→ WHAT THE TASK ASKS: Transcribe, starting at the line with "TOM FORD Atticus" and ending at the line with "Fantasy Sports Radio: T-shirt (Black)", every line of the material below exactly, but leave out the pictures and anything outside that span.

→ PROVIDED DATA:
□ □ □ □ □

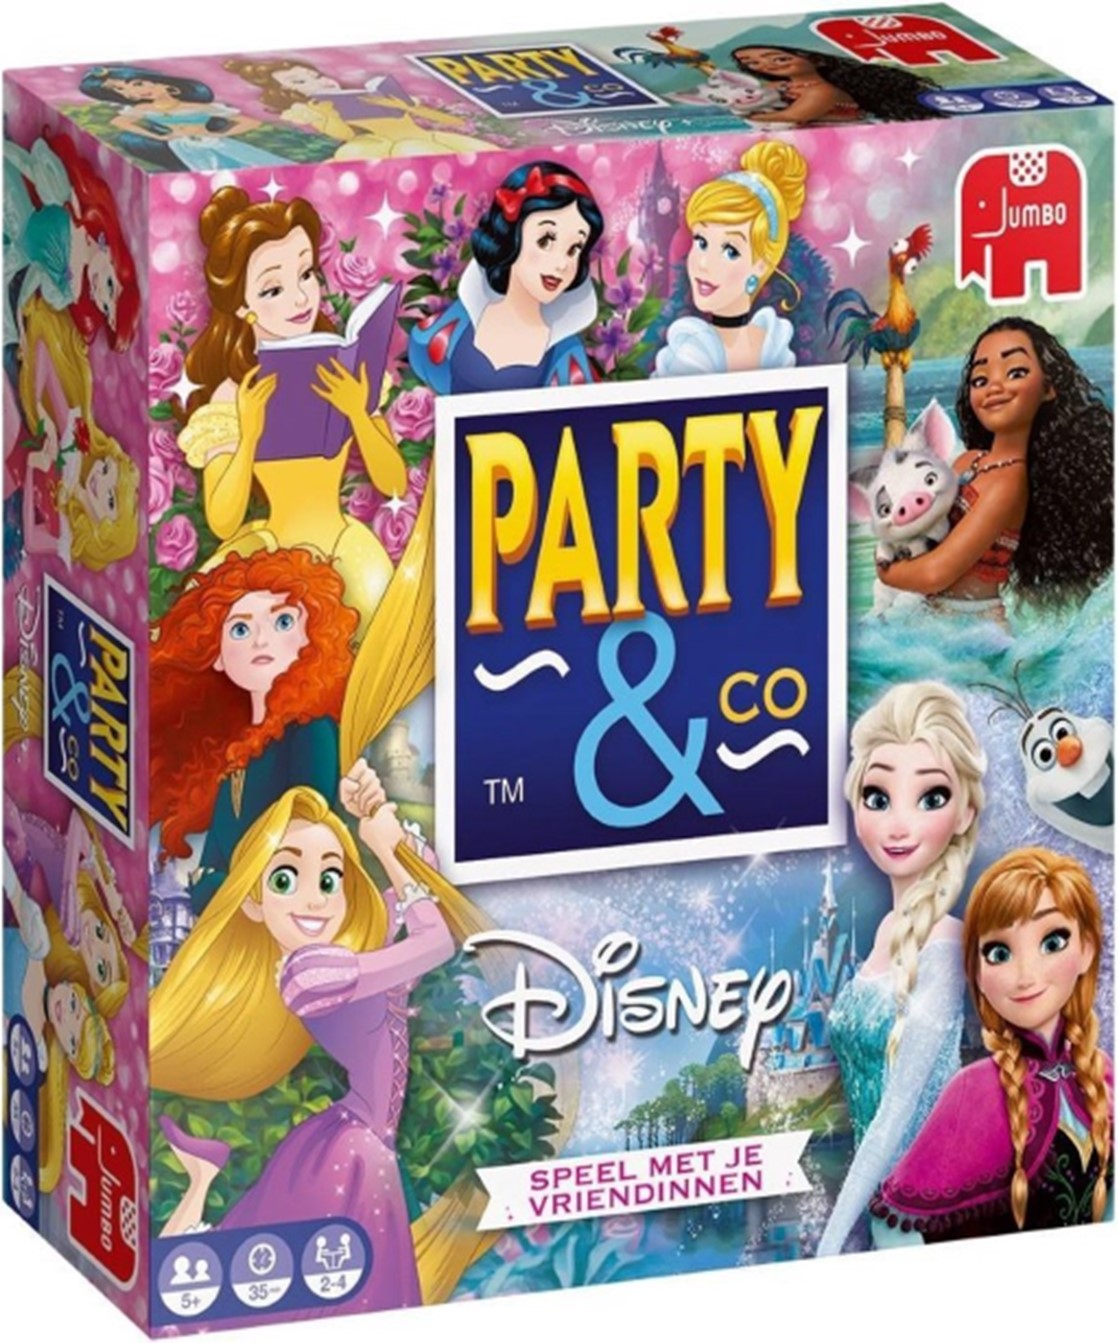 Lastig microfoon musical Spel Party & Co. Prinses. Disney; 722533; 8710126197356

□ □ □ □ □

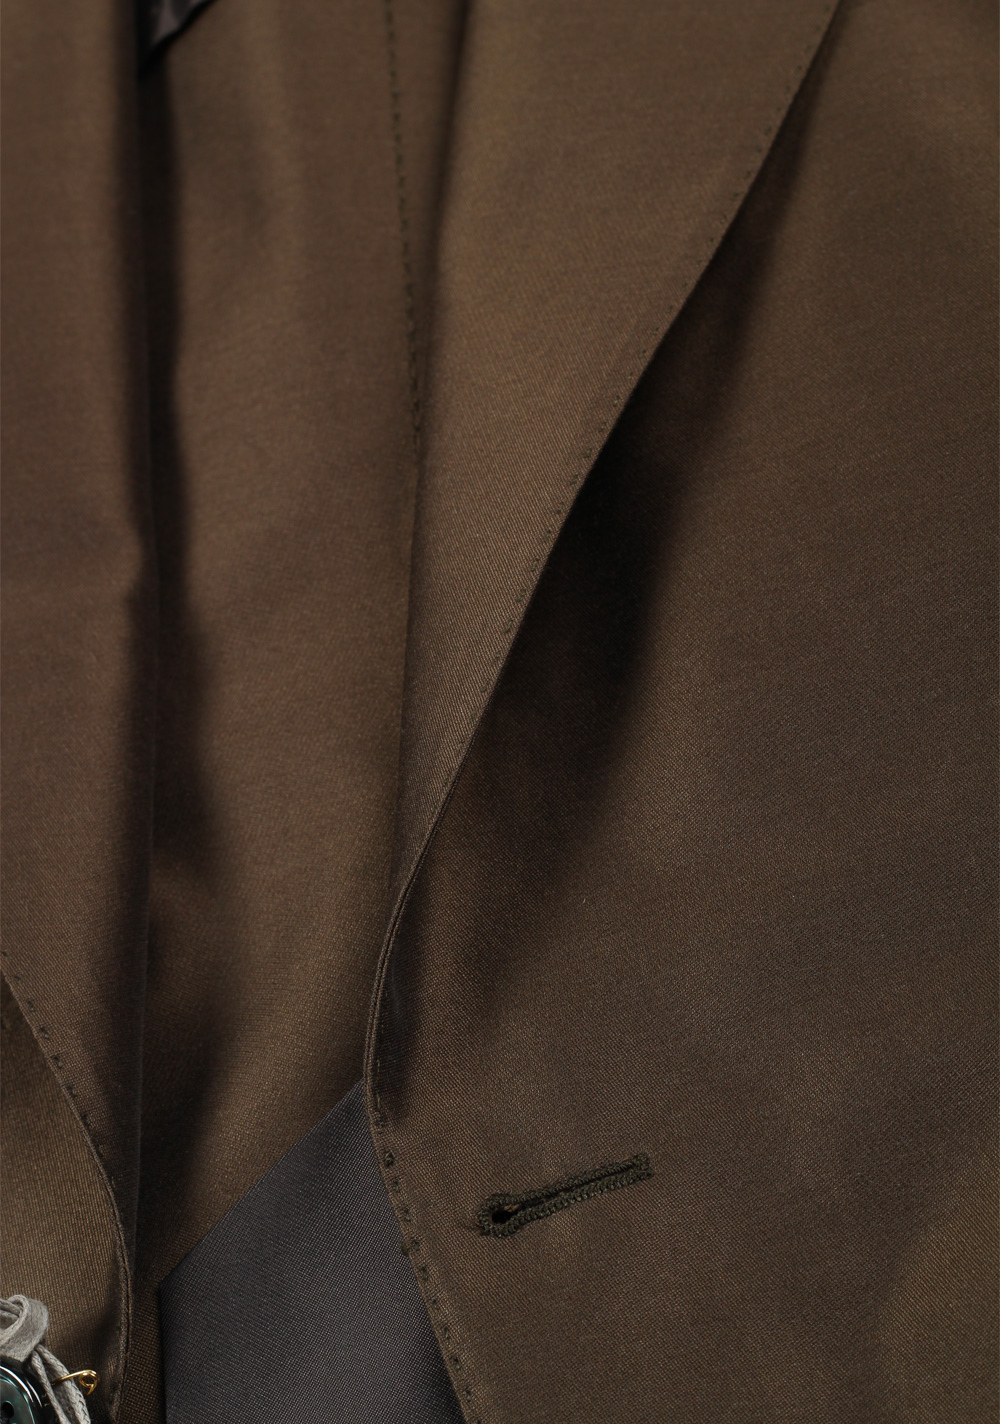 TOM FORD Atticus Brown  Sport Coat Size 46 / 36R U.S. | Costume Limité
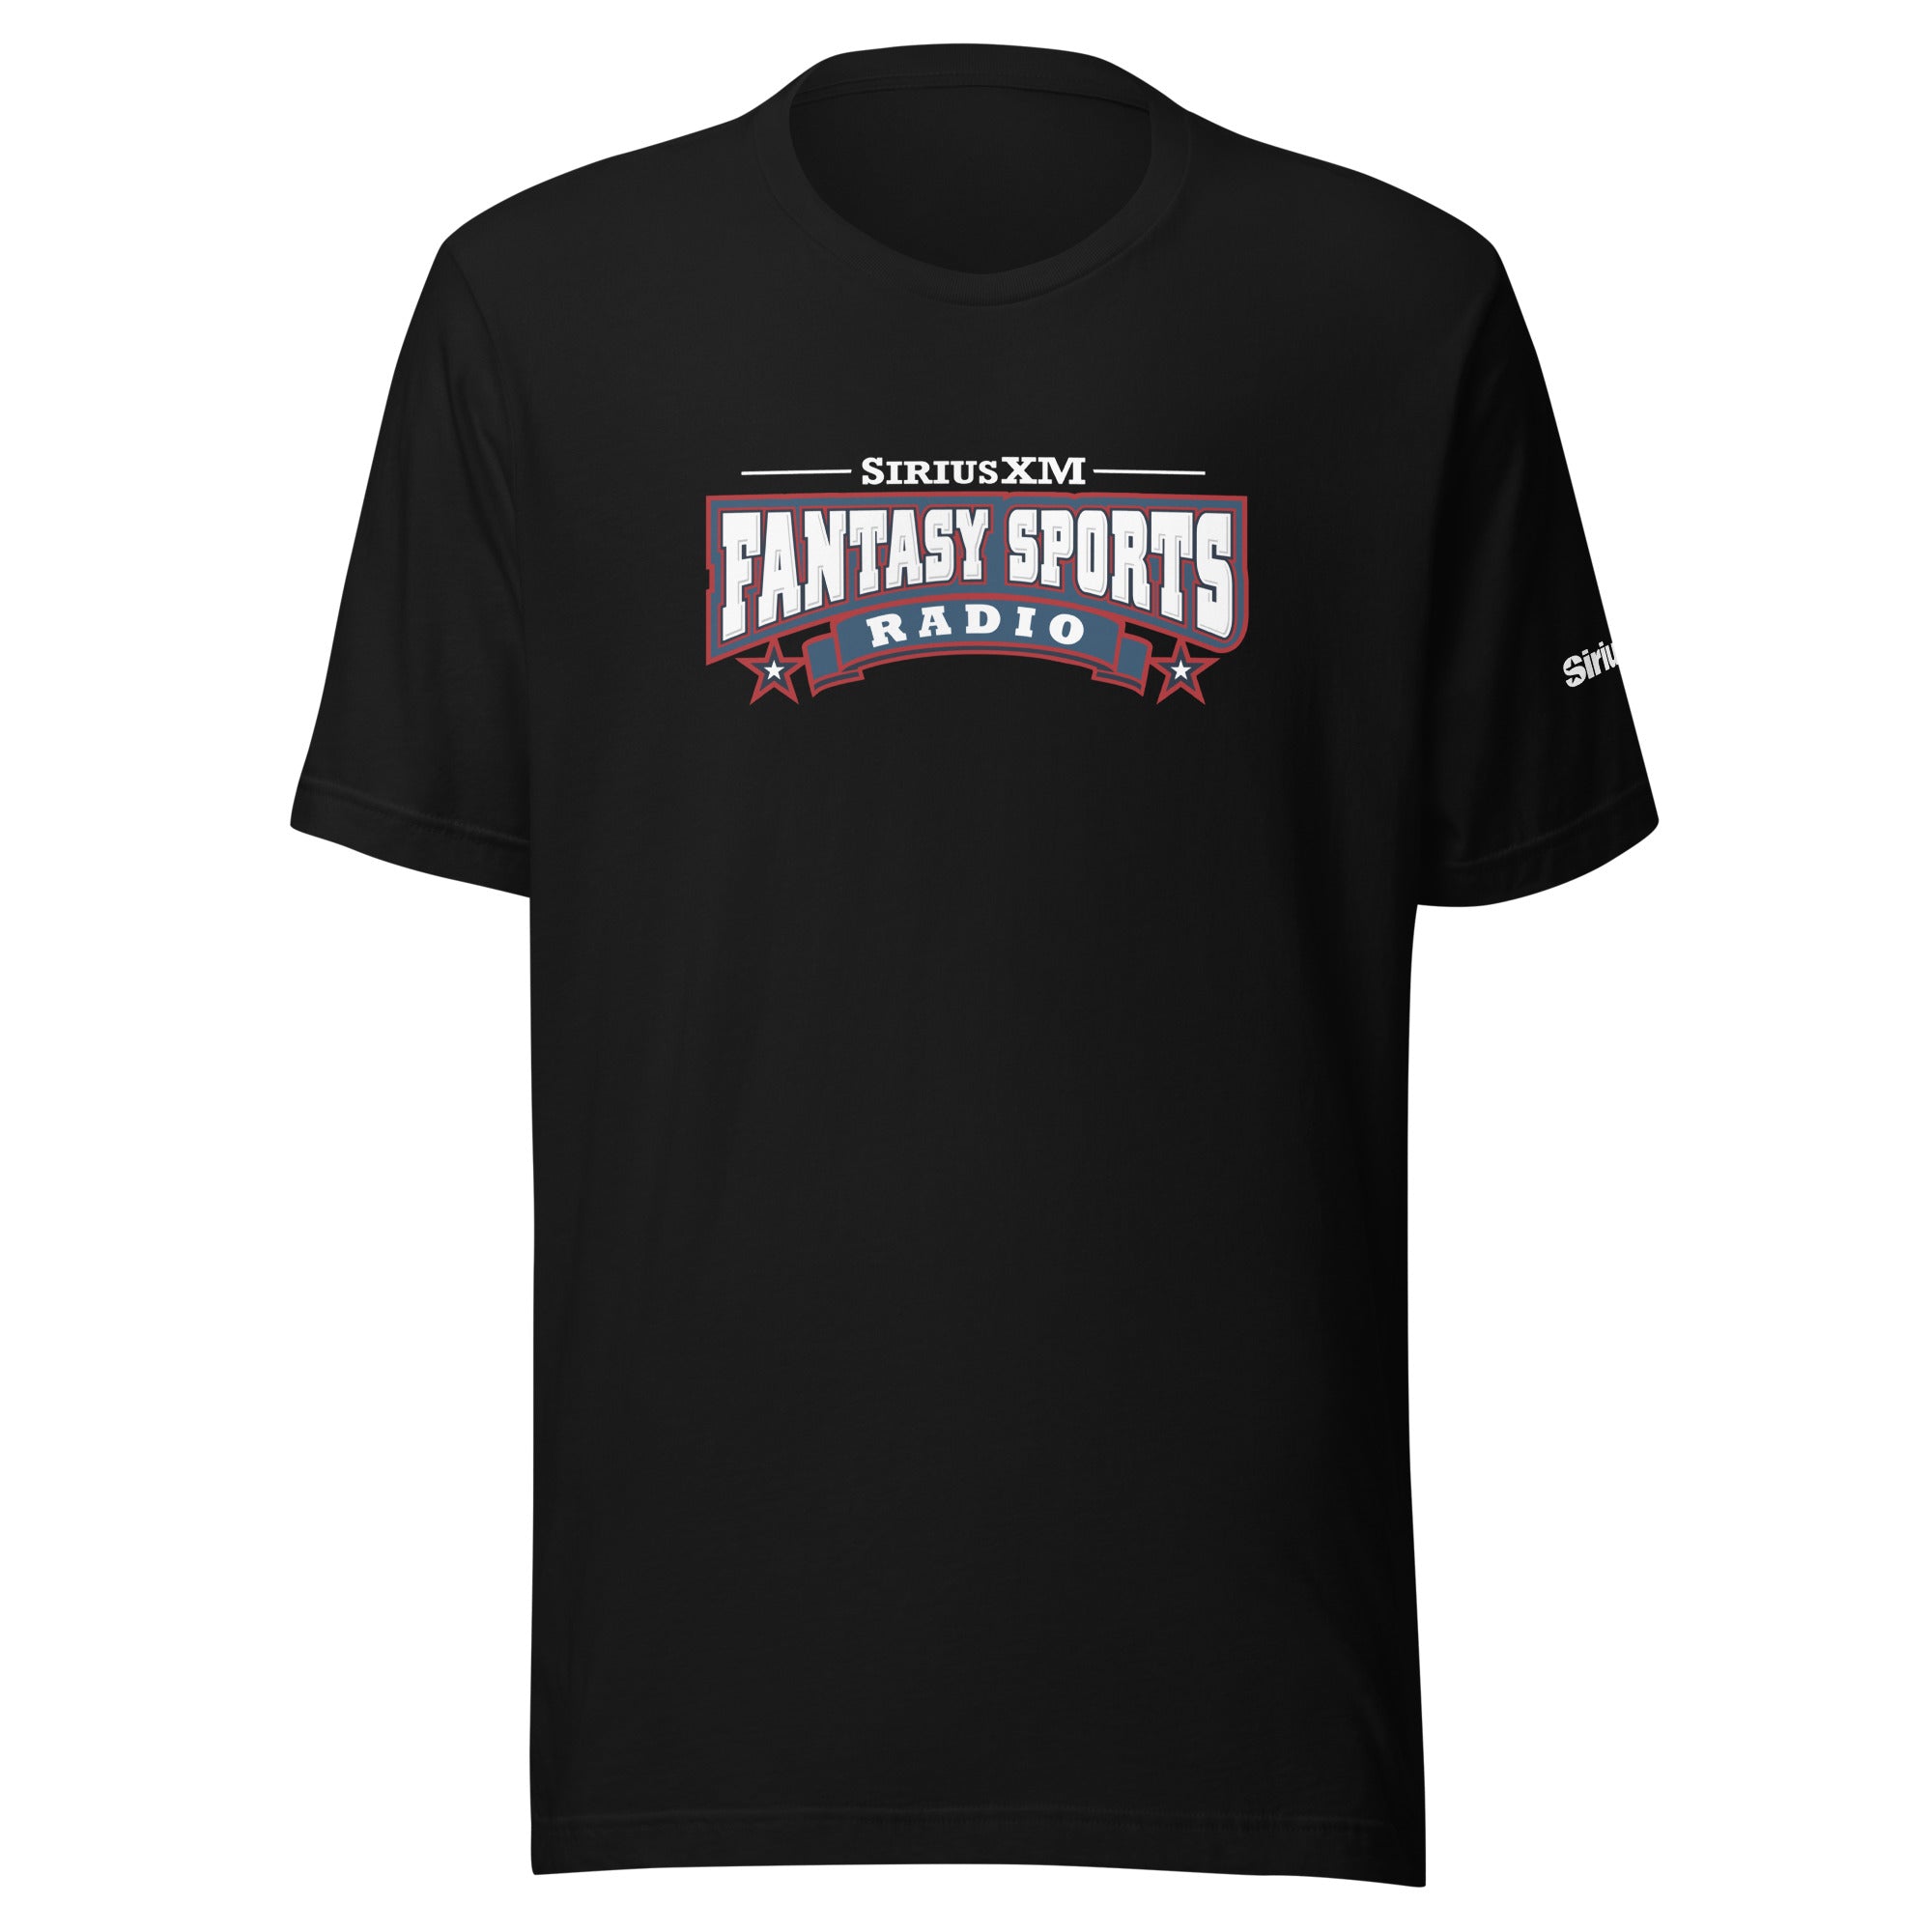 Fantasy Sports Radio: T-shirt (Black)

□ □ □ □ □

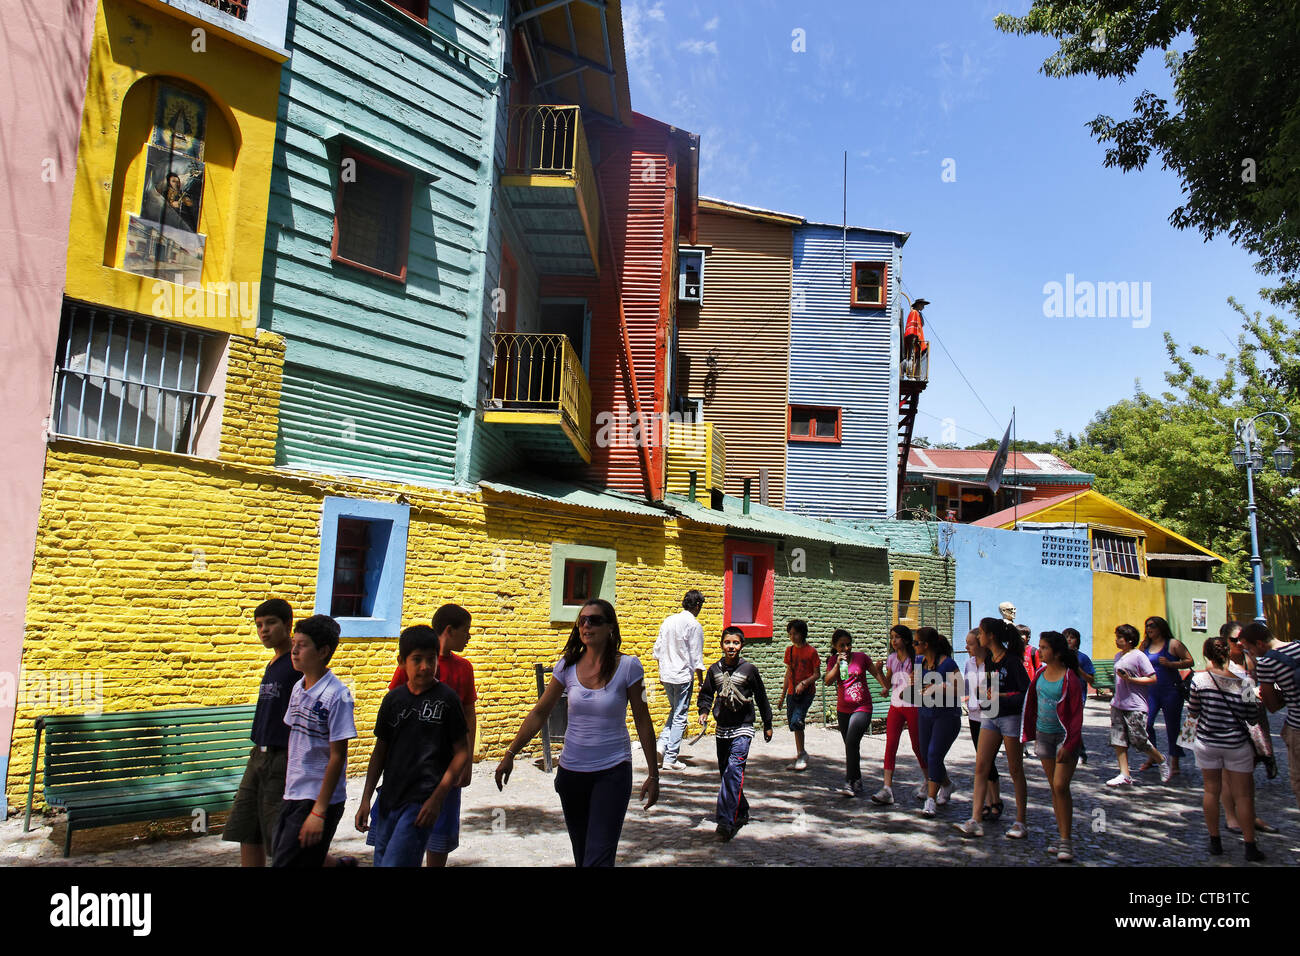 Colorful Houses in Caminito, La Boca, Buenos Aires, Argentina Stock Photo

□ □ □ □ □

→ ANSWER SECTION:
 TOM FORD Atticus Brown  Sport Coat Size 46 / 36R U.S. | Costume Limité
 Fantasy Sports Radio: T-shirt (Black)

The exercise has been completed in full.